Fao.org. Spotlight: Livestock impacts on the environment.

http://www.nature.com/nature/journal/v515/n7528/full/nature13959.html

Ross, Philip. “Cow farts have ‘larger greenhouse gas impact’ than previously thought; methane pushes climate change.” International Business Times. 2013.

“USDA ERS – Irrigation & Water Use.” United States Department of Agriculture Economic Research Service. 2013.

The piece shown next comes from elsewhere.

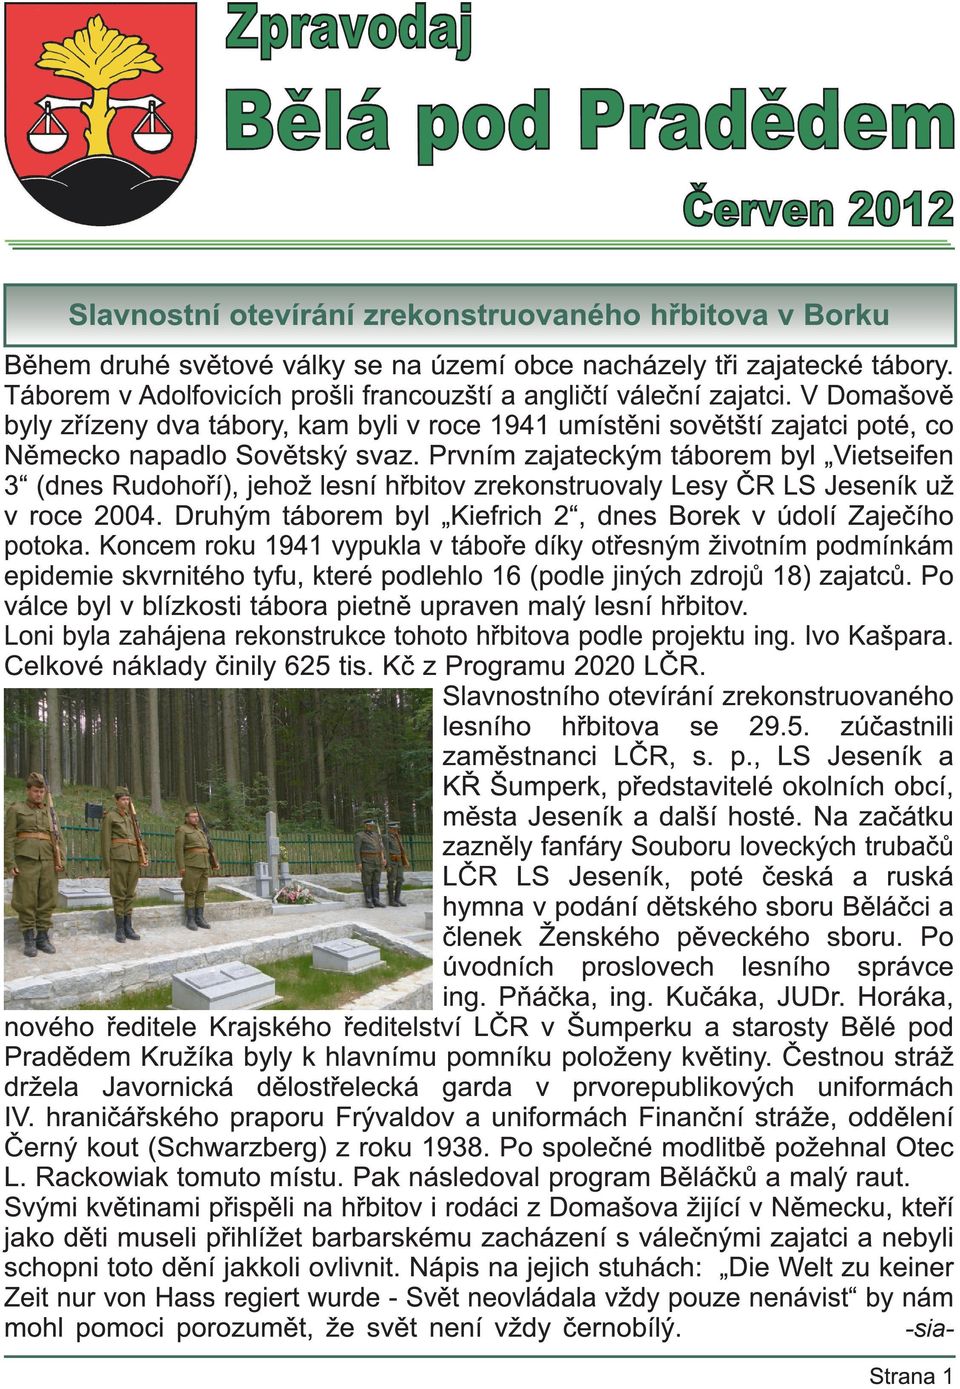 Prvním zajateckým táborem byl Vietseifen 3 (dnes Rudohoří), jehož lesní hřbitov zrekonstruovaly Lesy ČR LS Jeseník už v roce 2004. Druhým táborem byl Kiefrich 2, dnes Borek v údolí Zaječího potoka.

Jacobson, Michael F. “More and Cleaner Water.” In Six Arguments for a Greener Diet: How a More Plant-based Diet Could save Your Health and the Environment. Washington, DC: Center for Science in the Public Interest, 2006.

Oxford Journals. “Water Resources: Agricultural and Environmental Issues”

Jacobson, Michael F. “More and Cleaner Water.” In Six Arguments for a Greener Diet: How a More Plant-based Diet Could save Your Health and the Environment. Washington, DC: Center for Science in the Public Interest, 2006.